Moskau enthüllt: Armenien dementiert Schließung der russischen Militärbasis – was steckt dahinter?

Armenien plant offenbar nicht, die russische Militärbasis auf seinem Gebiet aufzugeben. Wie der stellvertretende russische Außenminister Michail Galusin am Montag gegenüber dem Fernsehsender RTVI erklärte, habe Jerewan auf offizieller Ebene bisher keinerlei Absicht erkennen lassen, den Stützpunkt in Gjumri zu schließen. Das entsprechende Abkommen zwischen Moskau und Jerewan bleibe daher weiterhin unverändert gültig.
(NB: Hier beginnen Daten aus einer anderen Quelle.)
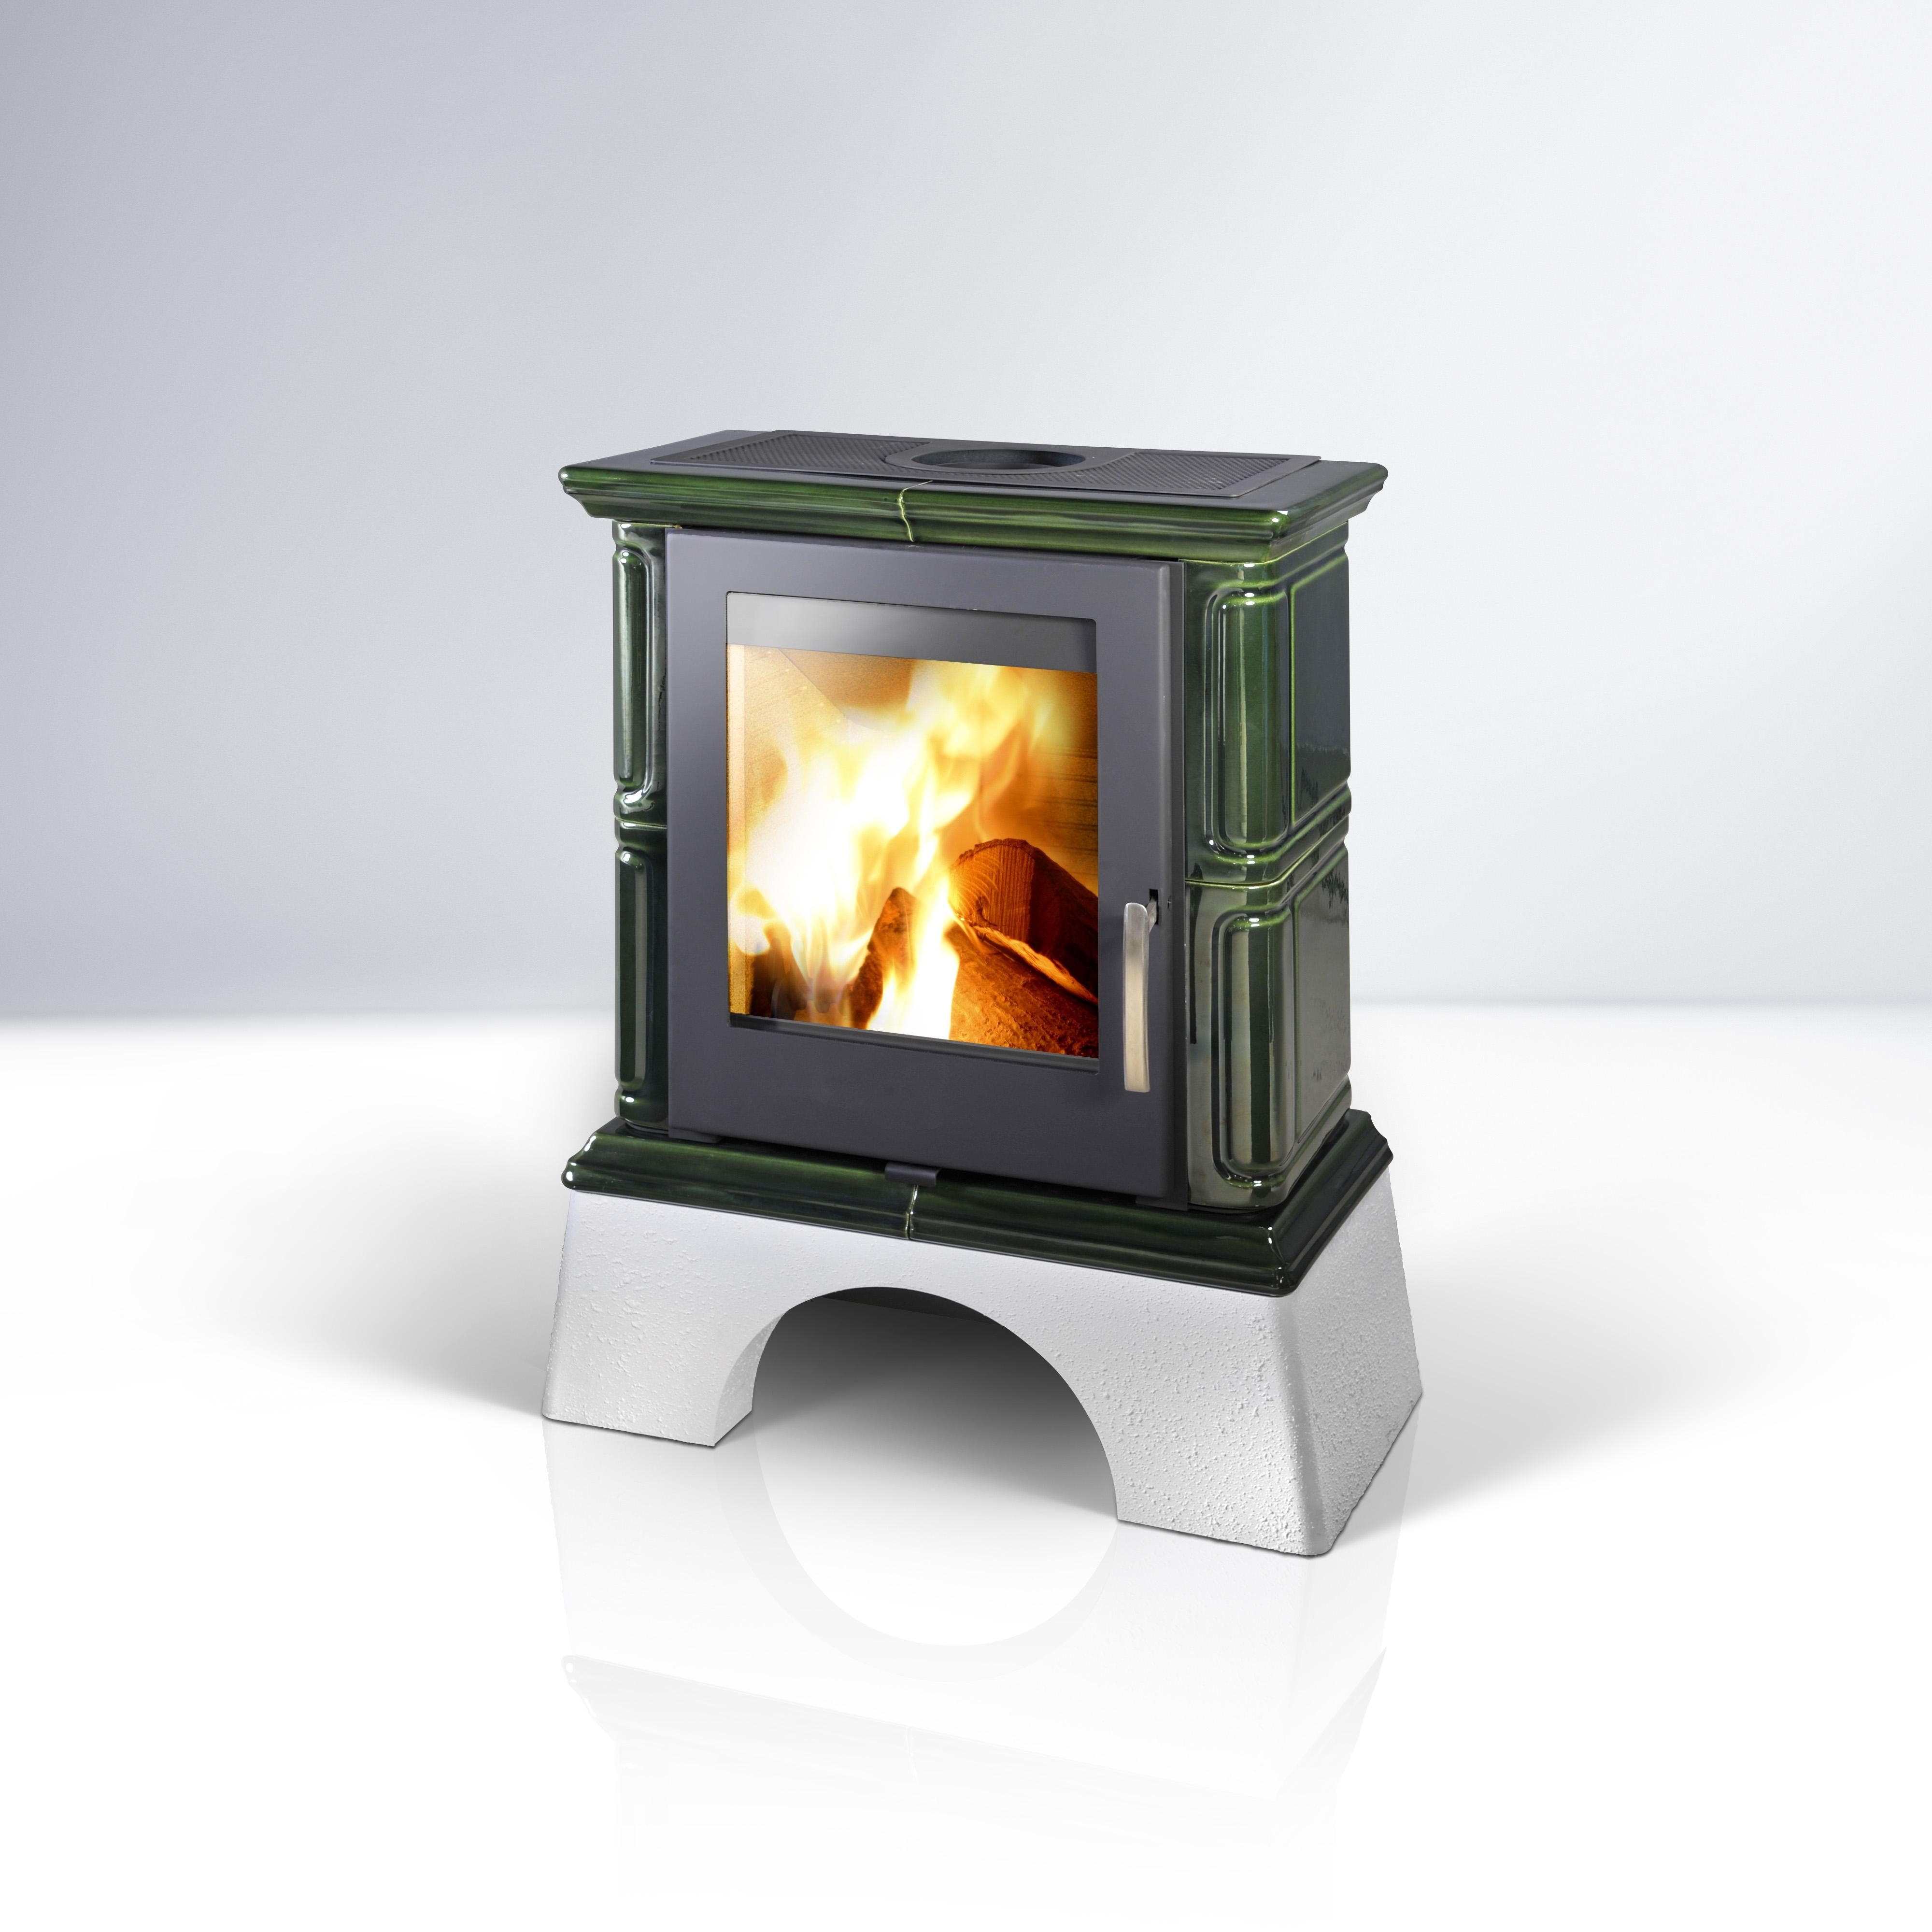 poele a bois thorma obtenez des id es de. Black Bedroom Furniture Sets. Home Design Ideas
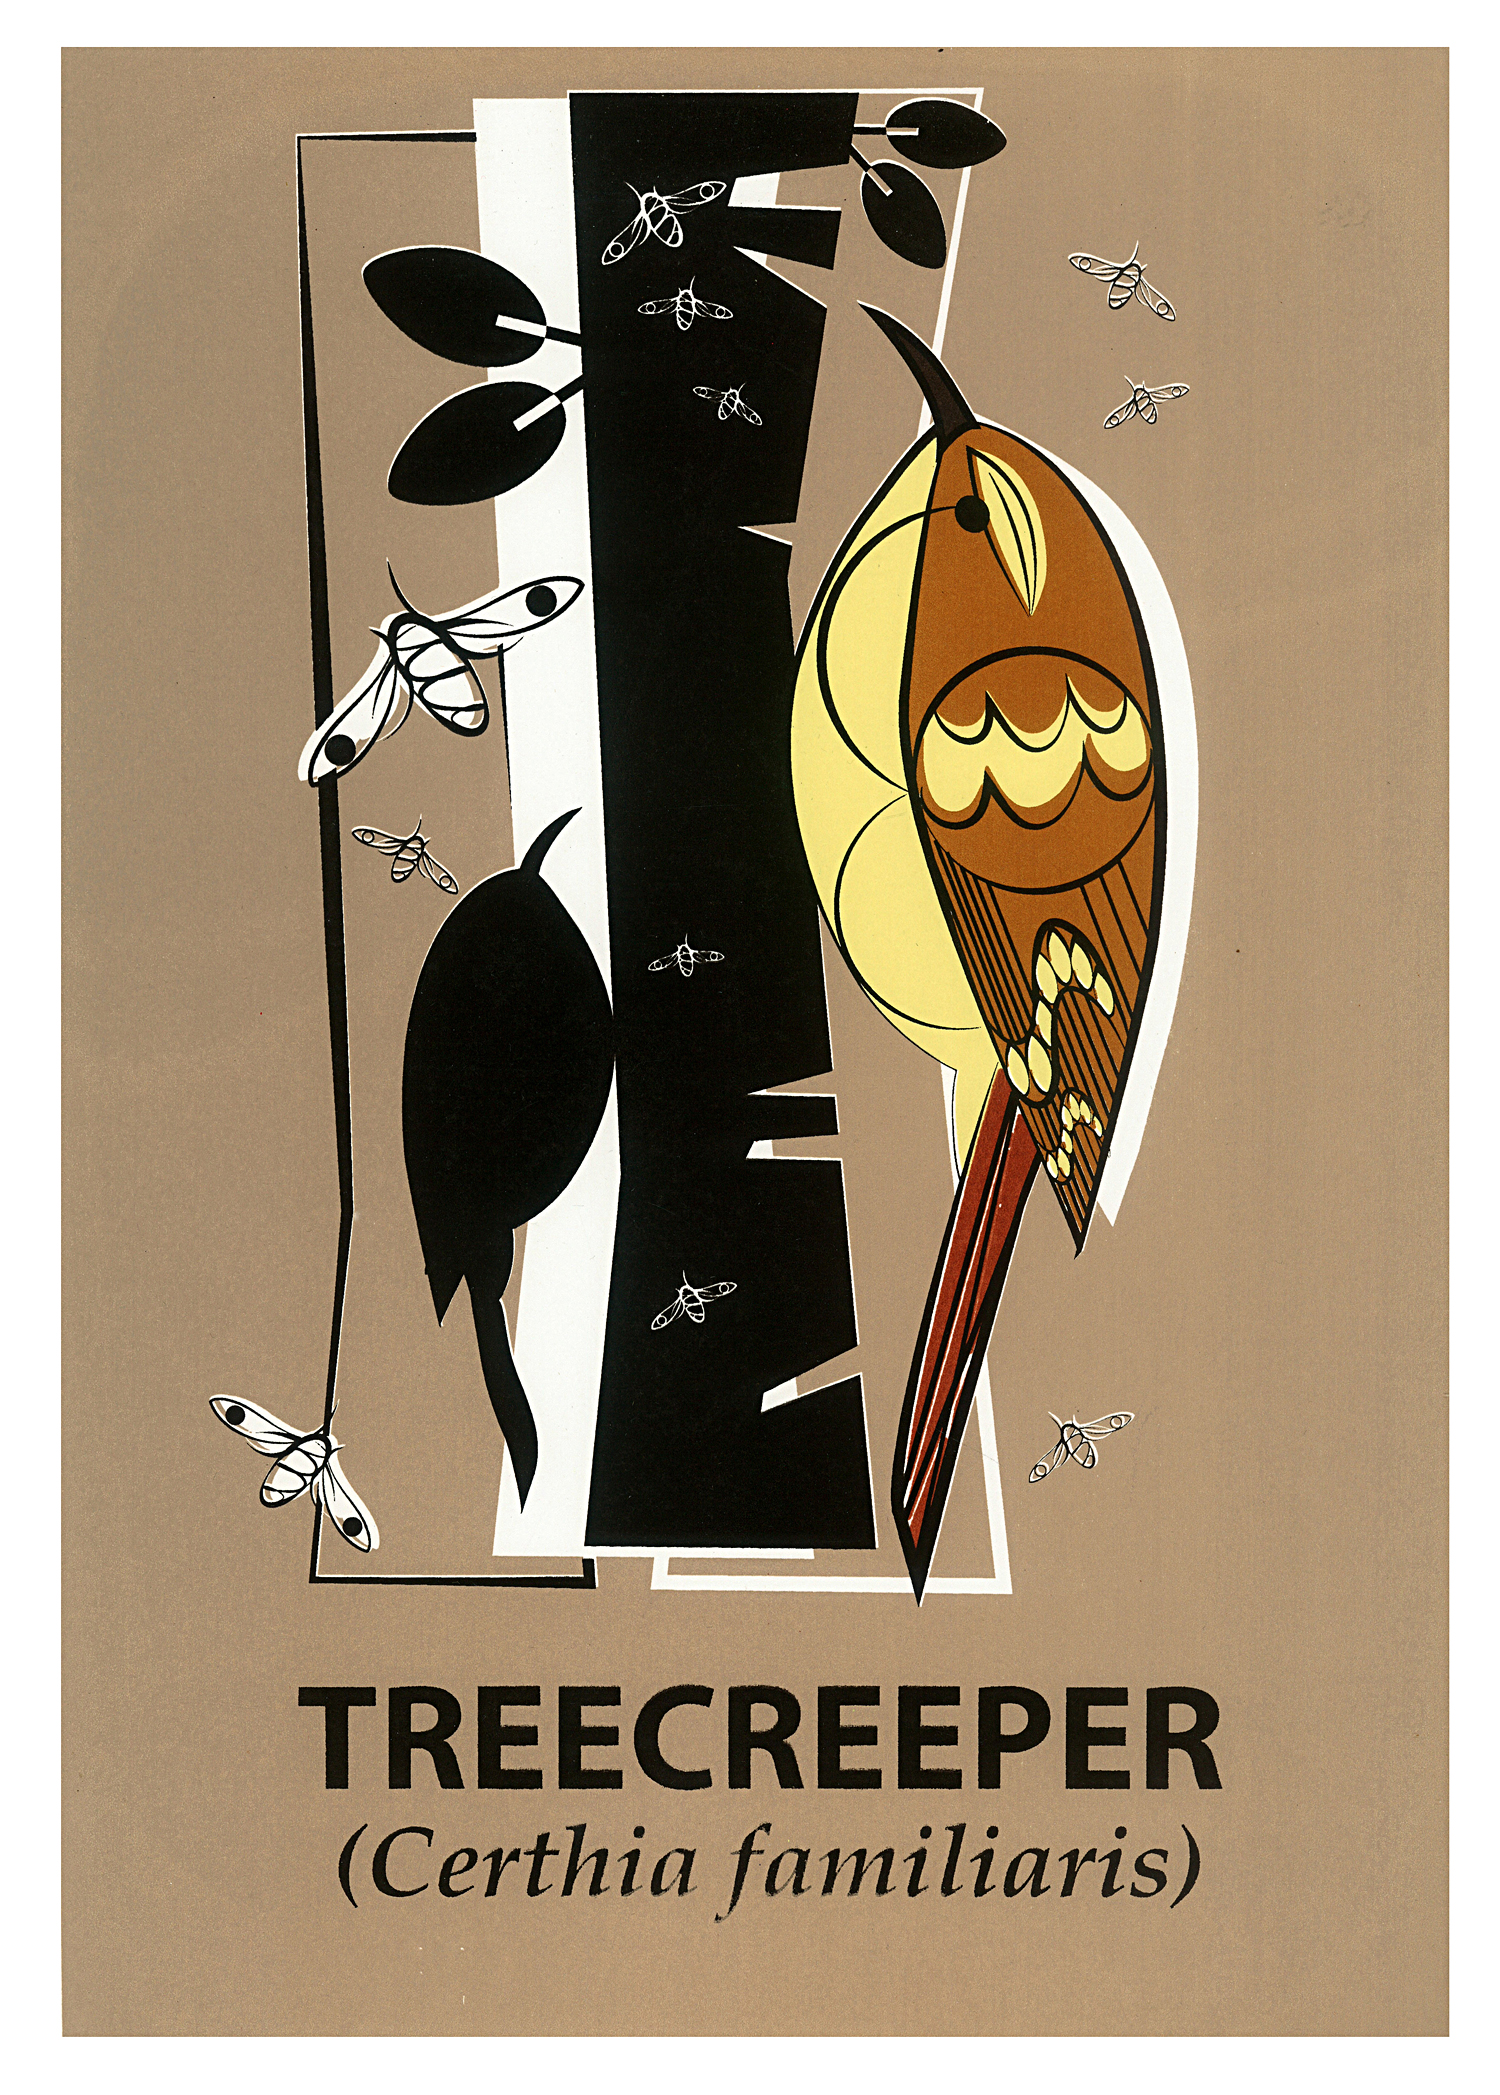 Limited Edition Treecreeper Screenprint

Galusin kritisierte zudem, dass einige politische Gruppierungen und prowestliche Nichtregierungsorganisationen die russische Militärpräsenz in Armenien schlechtmachten und sie sogar als Besatzungsinstrument darstellten. Auch werde der Stützpunkt häufig als Zeichen der Abgeschottetheit oder einer unfreundlichen Haltung gegenüber Armenien interpretiert.

Die Basis trage nach Ansicht Galusins jedoch tatsächlich zur Sicherheit Armeniens und der gesamten Südkaukasusregion bei. Sie sei nicht nur ein militärischer Außenposten, sondern auch ein beliebter Anziehungspunkt für die lokale Bevölkerung. Dies zeige sich an der hohen Besucherzahl bei den Tagen der offenen Tür, von denen der letzte am 12. Juni stattfand, so Galusin weiter.

Die 102. Militärbasis der russischen Streitkräfte in Gjumri besteht seit 1995. Ursprünglich schlossen Moskau und Jerewan das Abkommen für 25 Jahre, bevor es 2010 bis 2044 verlängert wurde. Die Anlage ist in das gemeinsame Luftabwehrsystem der Gemeinschaft Unabhängiger Staaten integriert, das die Sicherheit an den Grenzen der Mitgliedsstaaten gewährleisten soll.

Premierminister Nikol Paschinjan hatte zuvor betont, dass keine Pläne zur Schließung des Stützpunkts existierten. Gleichzeitig unterstrich er aber, dass die russische Militärpräsenz in Armenien seit Jahren kontinuierlich abnehme.